Щукин тряхнул кадильницей, переступив с ноги на ногу, и на лице его отразилось нетерпение, даже испуг, он резко повернулся и пошел, потом остановился, точно вспомнив что-то, и посмотрел на Ядринцева долгим, как будто осмысленным взглядом. Лицо его исказилось болью, каким-то внутренним страданием, и он торопливо пошел, почти побежал прочь, но вдруг снова остановился, обернулся и сдавленным, хриплым голосом проговорил:

— Какая польза человеку, если он приобретет весь мир, а себя потеряет, душе своей повредит? Какая польза от того, что ты идешь? — отчетливо он спросил и засмеялся, смех его был жуткий. — Куда идешь, зачем? Ну, иди, иди, ищи свое стадо… Ха-ха-ха!.. Стадо. Все мы овцы безмозглые… овцы, овцы, а считаем себя людьми… Ха-ха-ха! — не то смеялся, не то рыдал он, удаляясь, звеня кадильницей, роняя в пыль зеленые перья лука, спина его в засаленном халате содрогалась от этого смеха-рыдания, длинные взлохмаченные волосы взлетали над головой — и весь он, Щукин (или то, что было когда-то Щукиным), был куда-то устремлен, куда-то спешил, от кого-то бежал, испуганно оглядываясь… Возможно, от себя самого. Ядринцев смотрел ему вслед, еще не зная, что видит своего друга в последний раз.


Когда с документами уладилось, сибиряков присоединили к другому этапу и погнали дальше. Не было только Щукина: его отправили в больницу. Шашков за три недели немного отдохнул, оклемался, повеселел. Хотя веселого было мало: одежда и обувь за дорогу износились, деньги кончились, казенные халаты едва держались на плечах. Но и это не самое худшее. Хуже, когда тебе силы откажут…

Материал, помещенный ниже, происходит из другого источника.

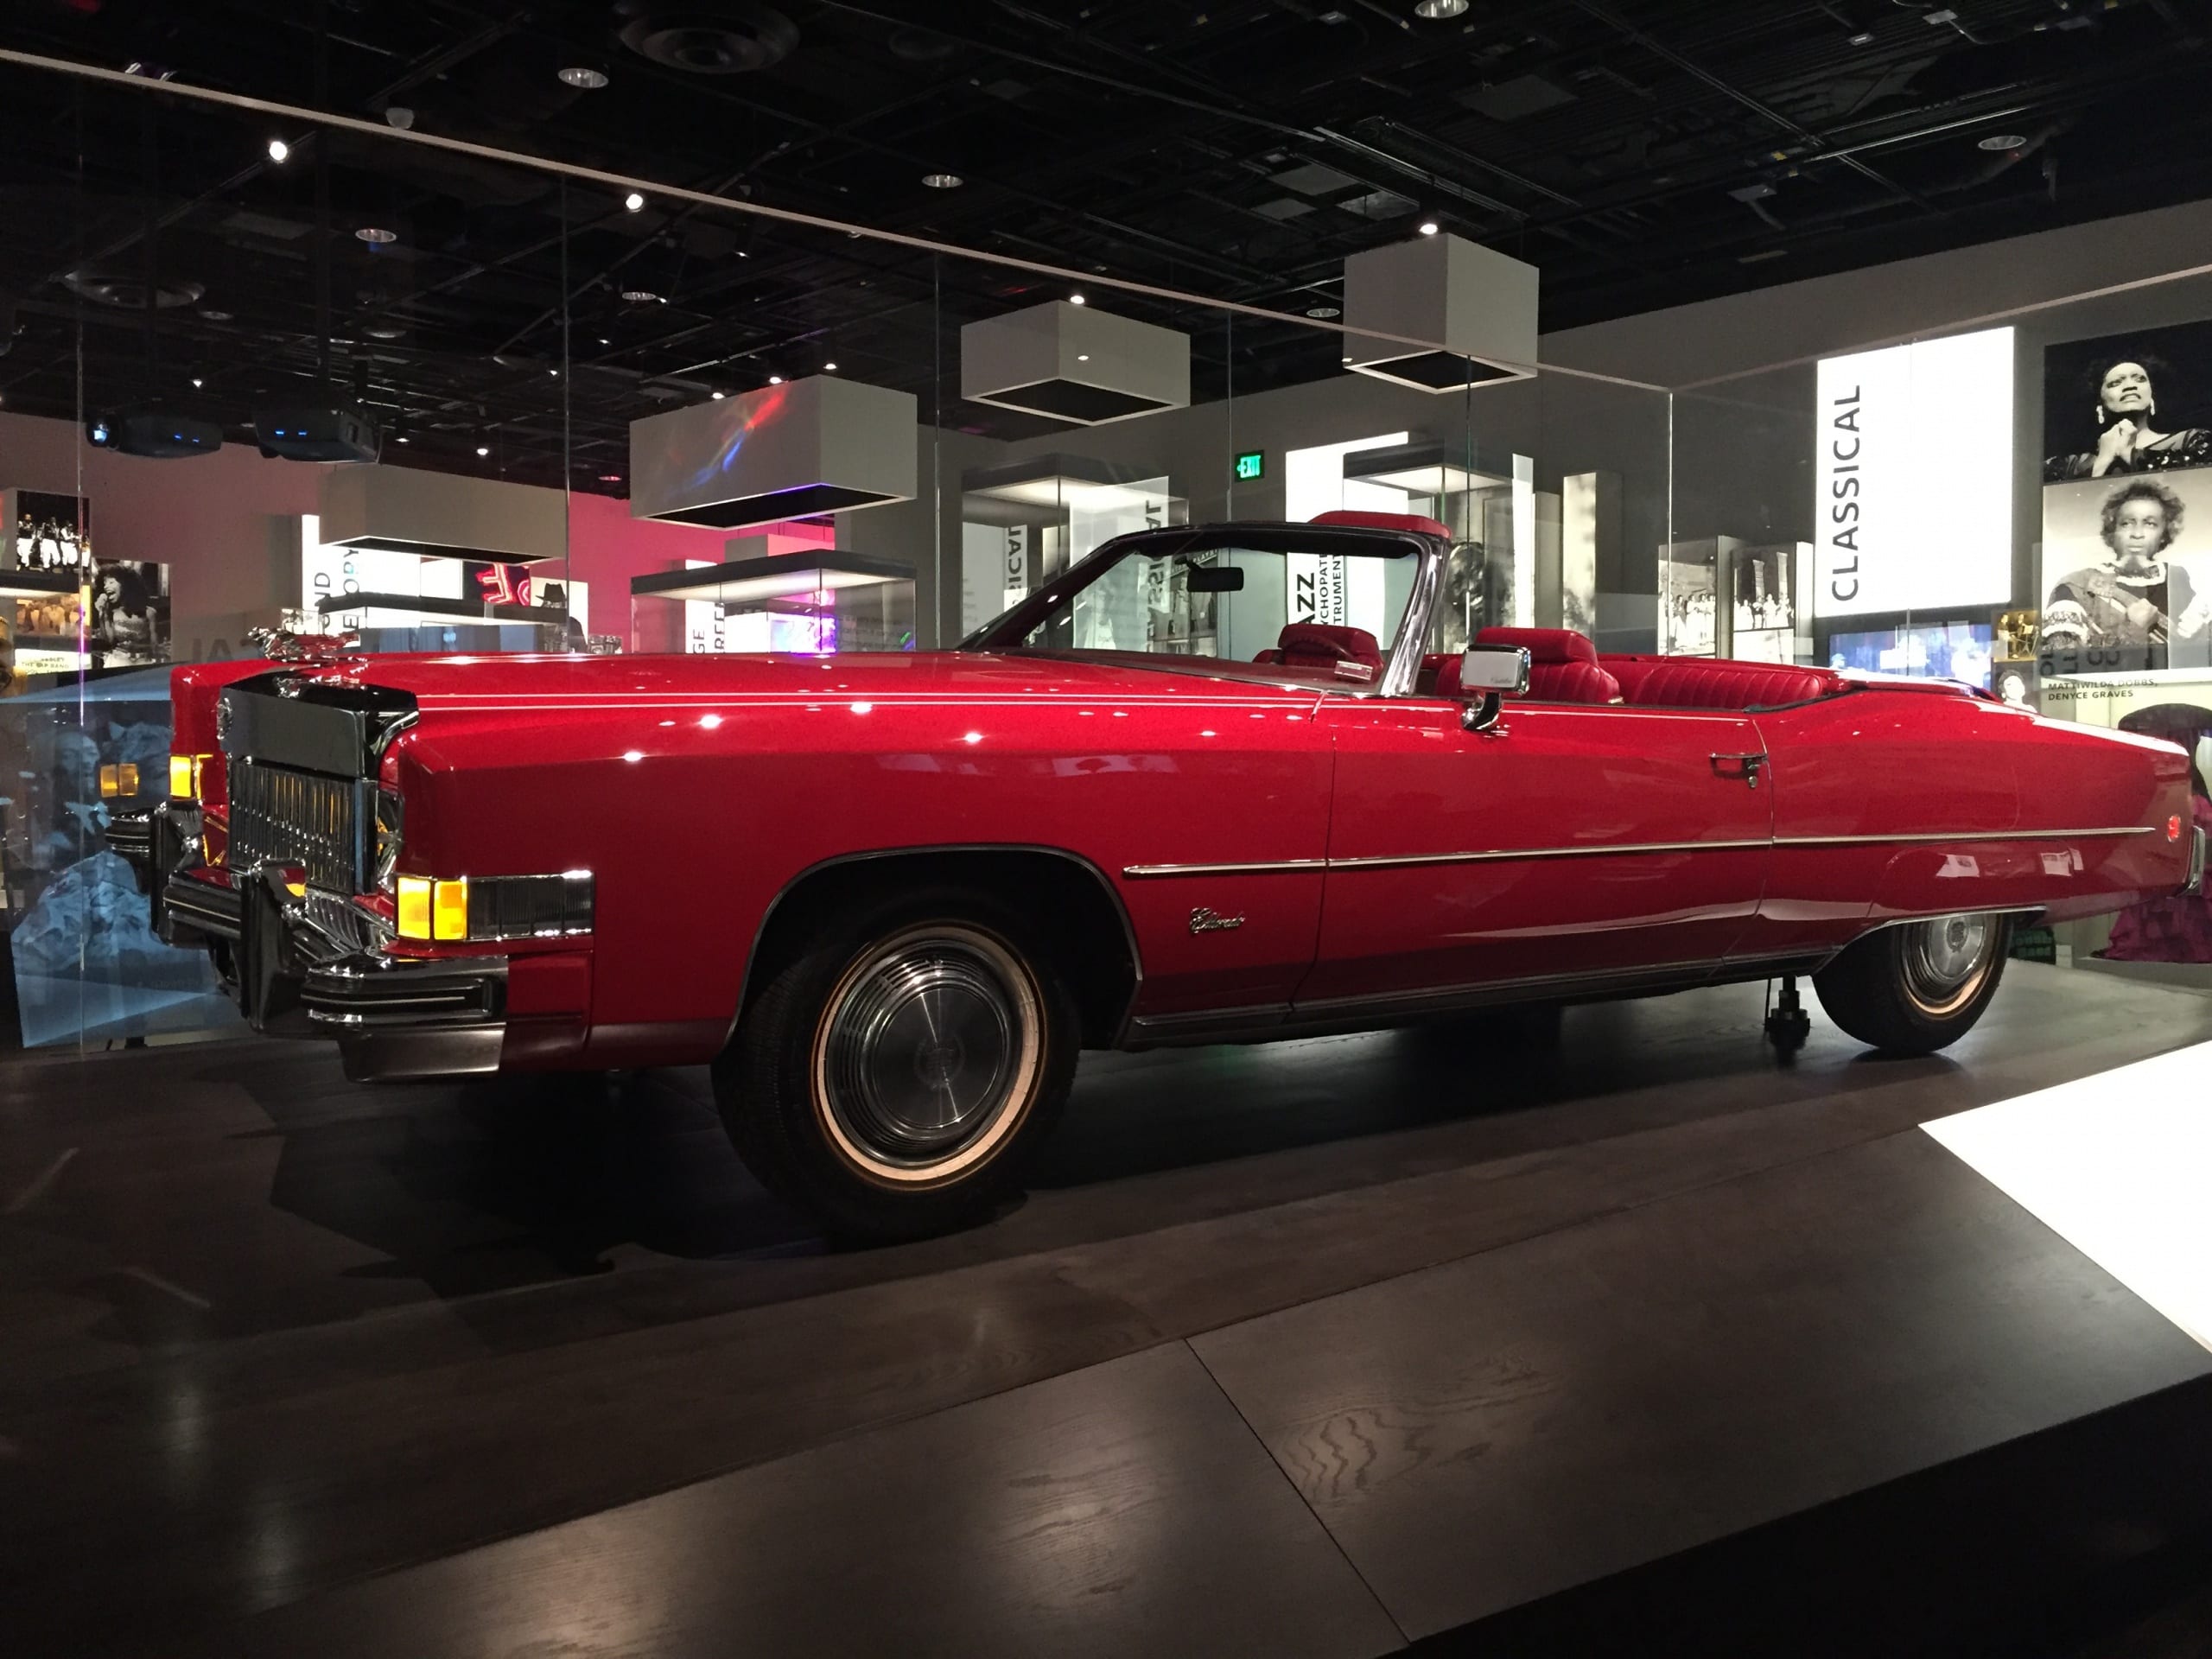 large shiny red Cadillac on a platform

Партия подобралась пестрая, разношерстная — тут и карманники, и конокрады, и «беспашпортники», и какой-то мальчик лет четырнадцати, работавший учеником у костромского красильщика, но заболевший, выкинутый на улицу и оставшийся без вида, и крепкотелая, мужицкого сложения зырянка, ходившая на заработки да просрочившая, как и многие из шедших тут, паспорт, за что и была задержана полицией, и какая-то разбитная молодайка, строившая глазки солдатам, и какой-то отчаянный парнюга, в старом суконном пальто явно с чужого плеча, в коротких, должно быть, тоже позаимствованных у кого-то портах, босиком, и в наручниках, которые он, скорее из баловства, стращая и подзадоривая конвойных, то и дело пытался сорвать, громко выкрикивая:

— А ну-к, сымитя! Надоели они мне… А не то сам сброшу… тады хужее будет. Не погляжу, что с ружьями…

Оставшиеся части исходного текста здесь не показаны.